(TASK DETAILS) The data below should be restated word for word, pictures omitted.

(RAW DATA)
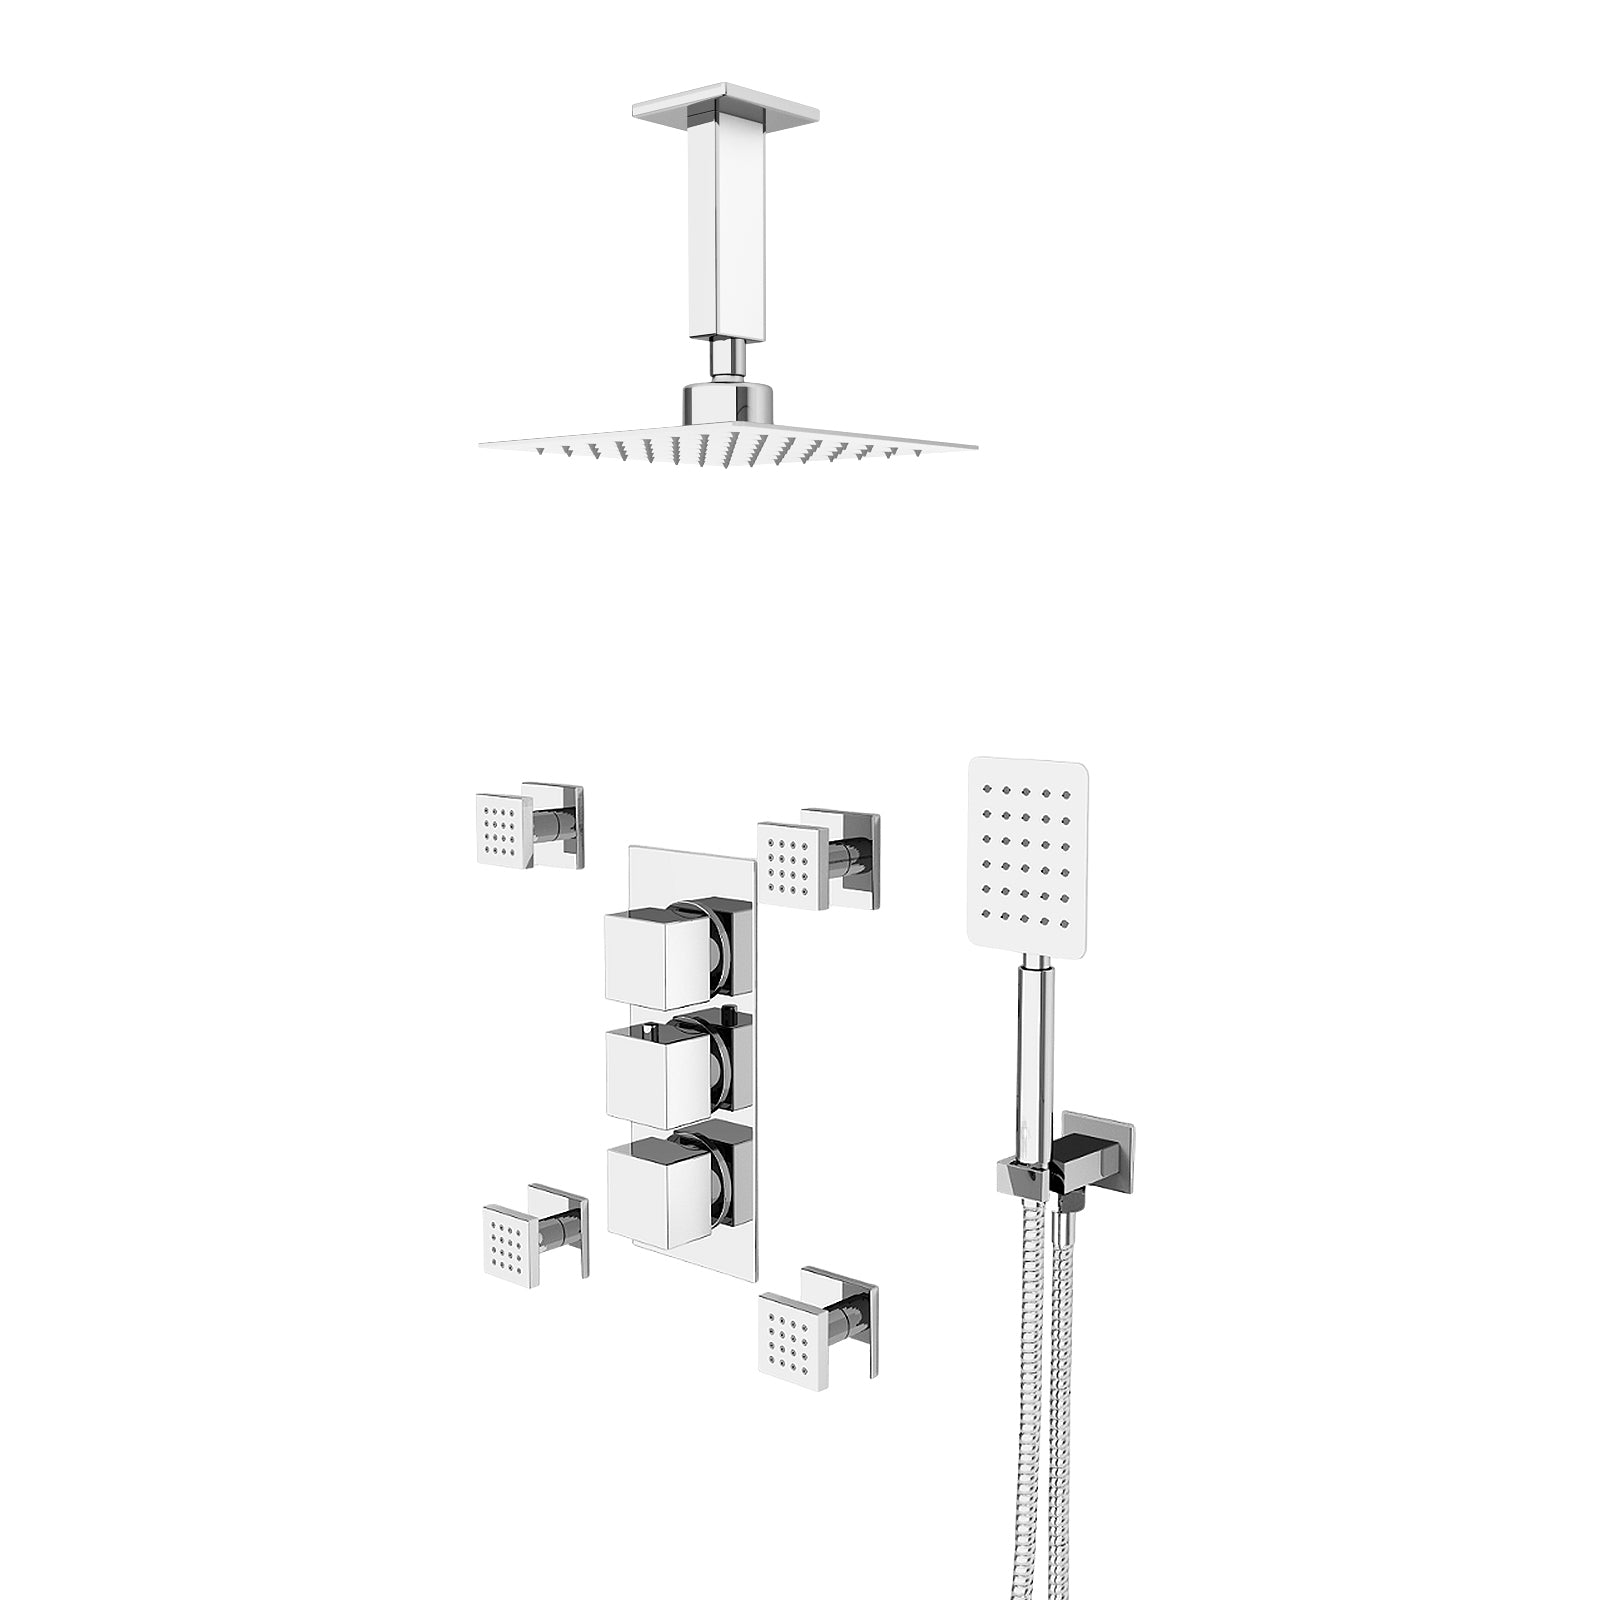 Olive Square 3 Way Concealed Thermostatic Shower Mixer Valve, Ceiling Shower Head, Handset, 4x Body Jets Set Chrome
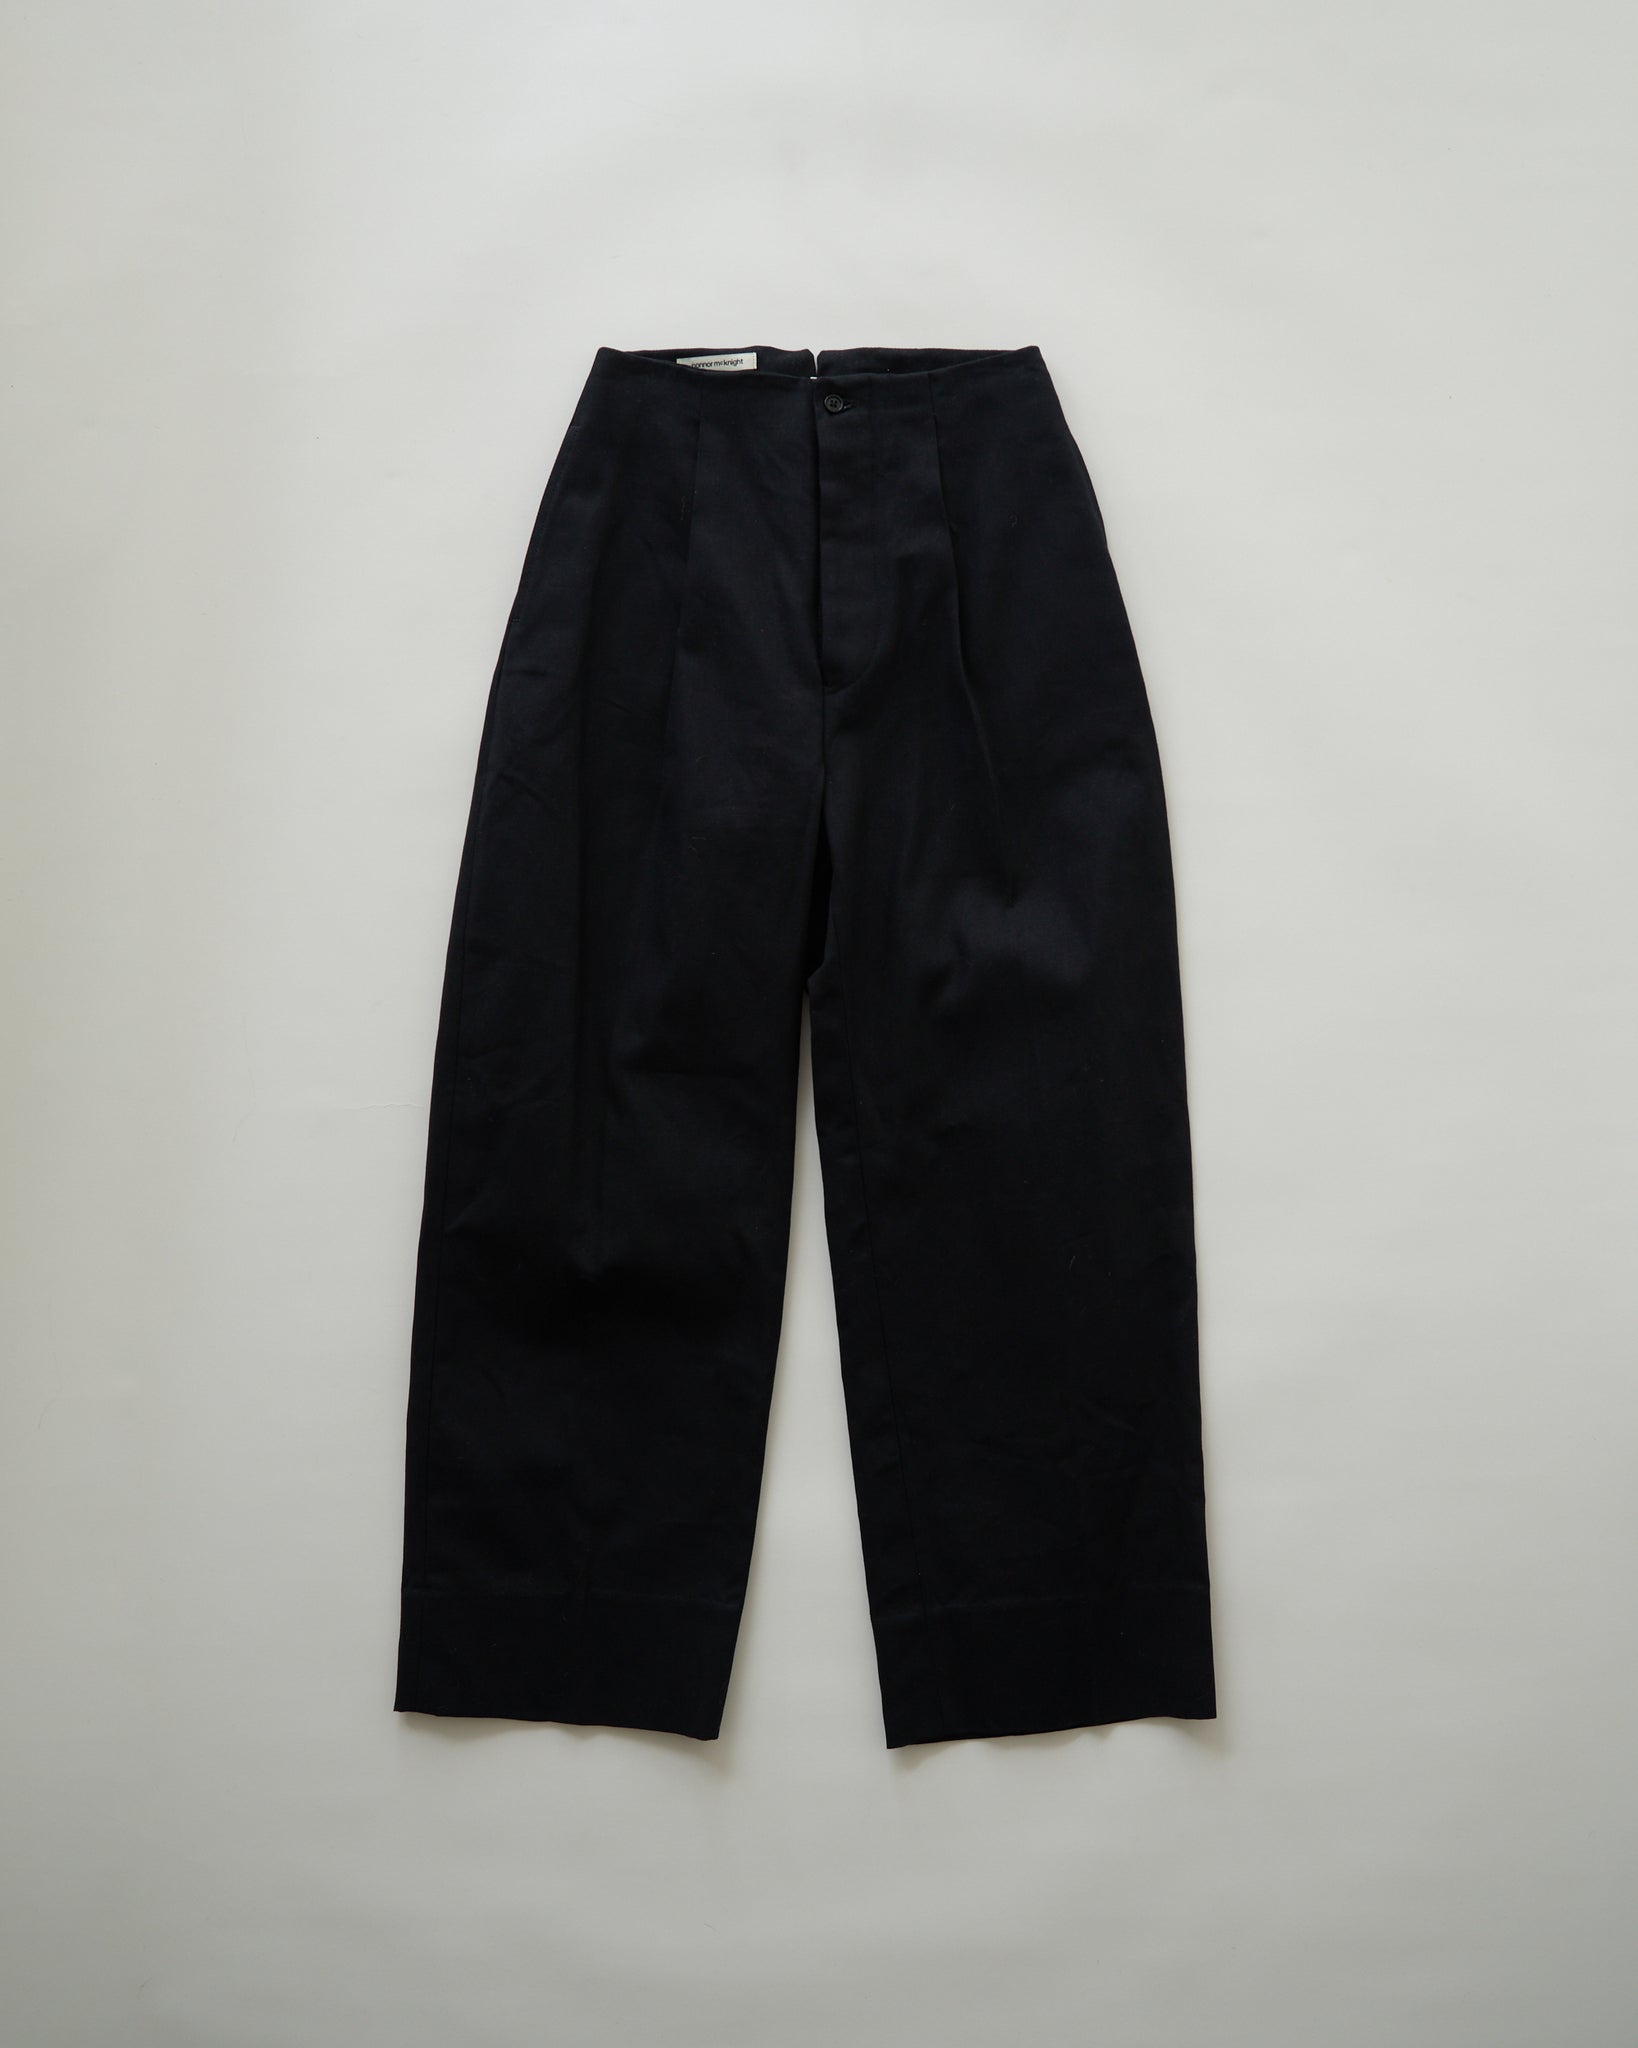 a suiting trouser - black
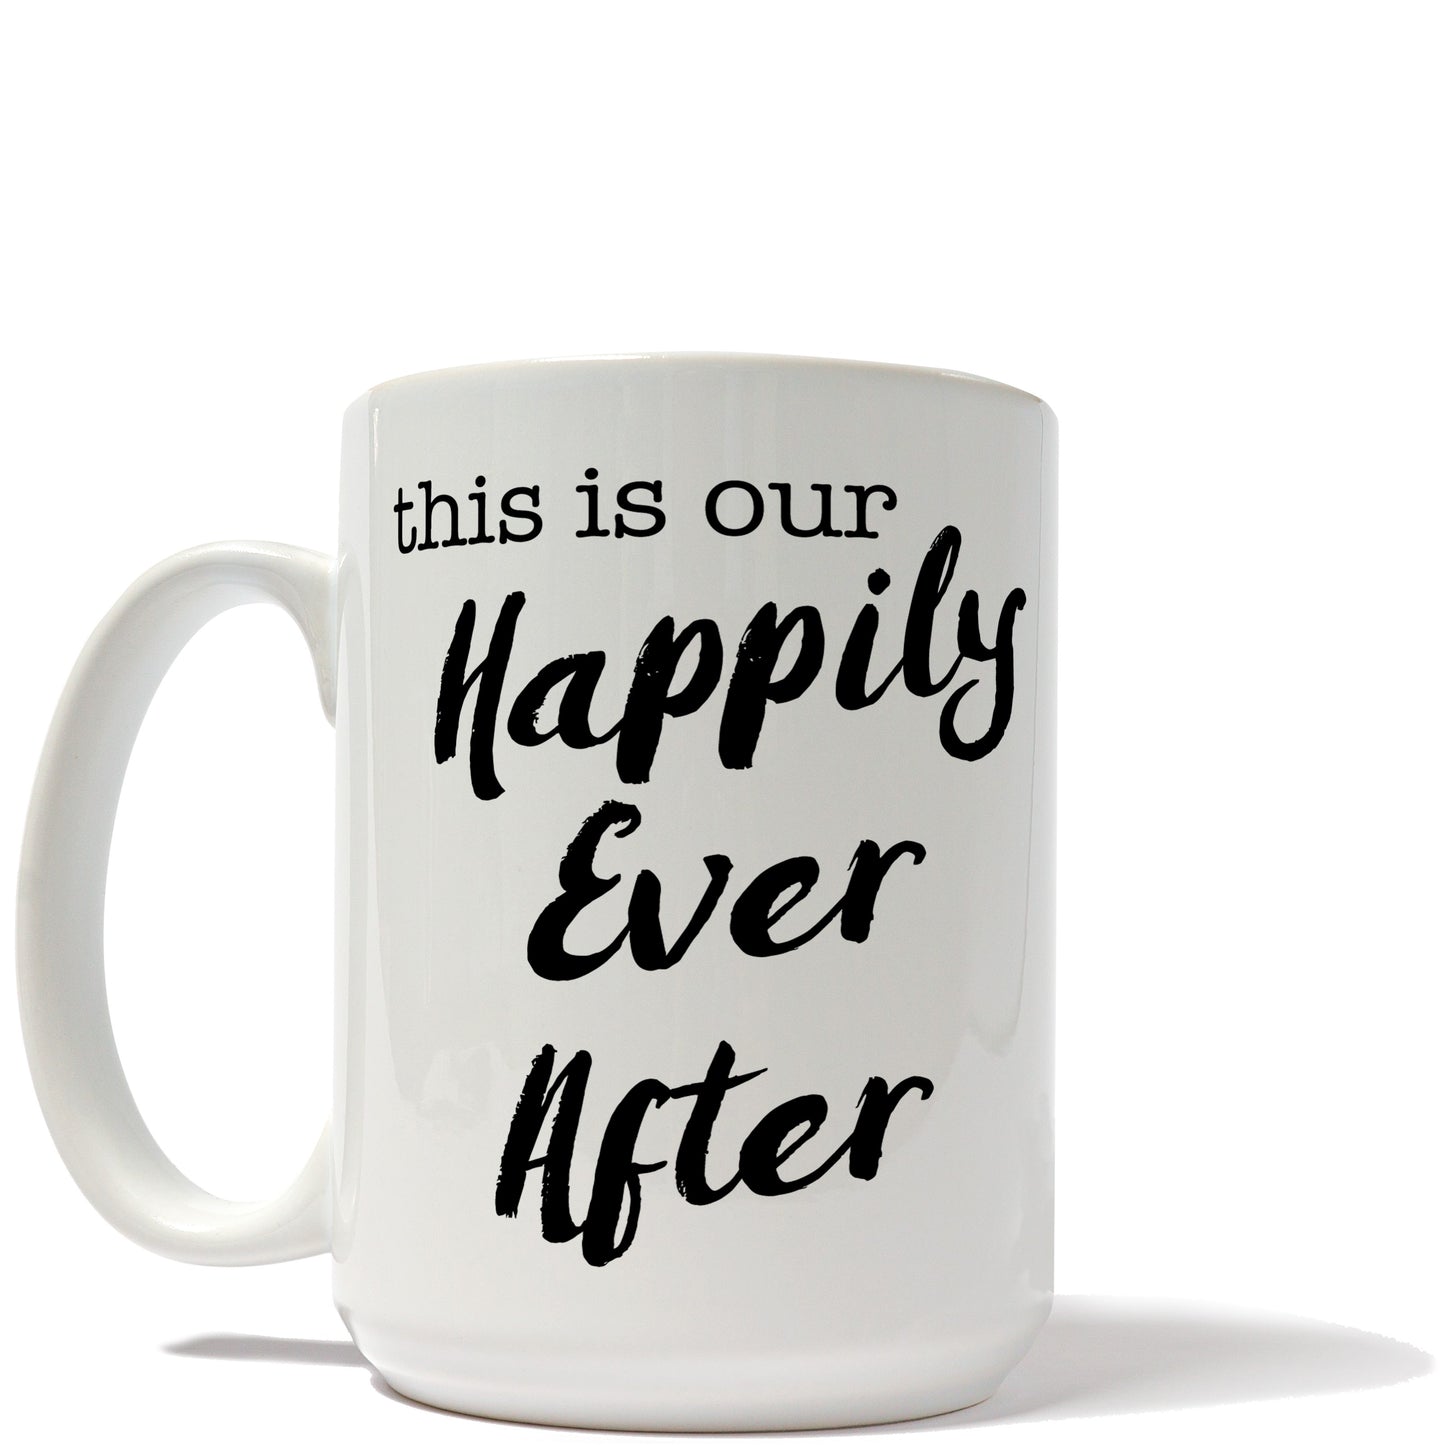 This is Our Happily Ever After Mug

(THE COMPLETED TASK)
 Olive Square 3 Way Concealed Thermostatic Shower Mixer Valve, Ceiling Shower Head, Handset, 4x Body Jets Set Chrome
 a suiting trouser - black
 This is Our Happily Ever After Mug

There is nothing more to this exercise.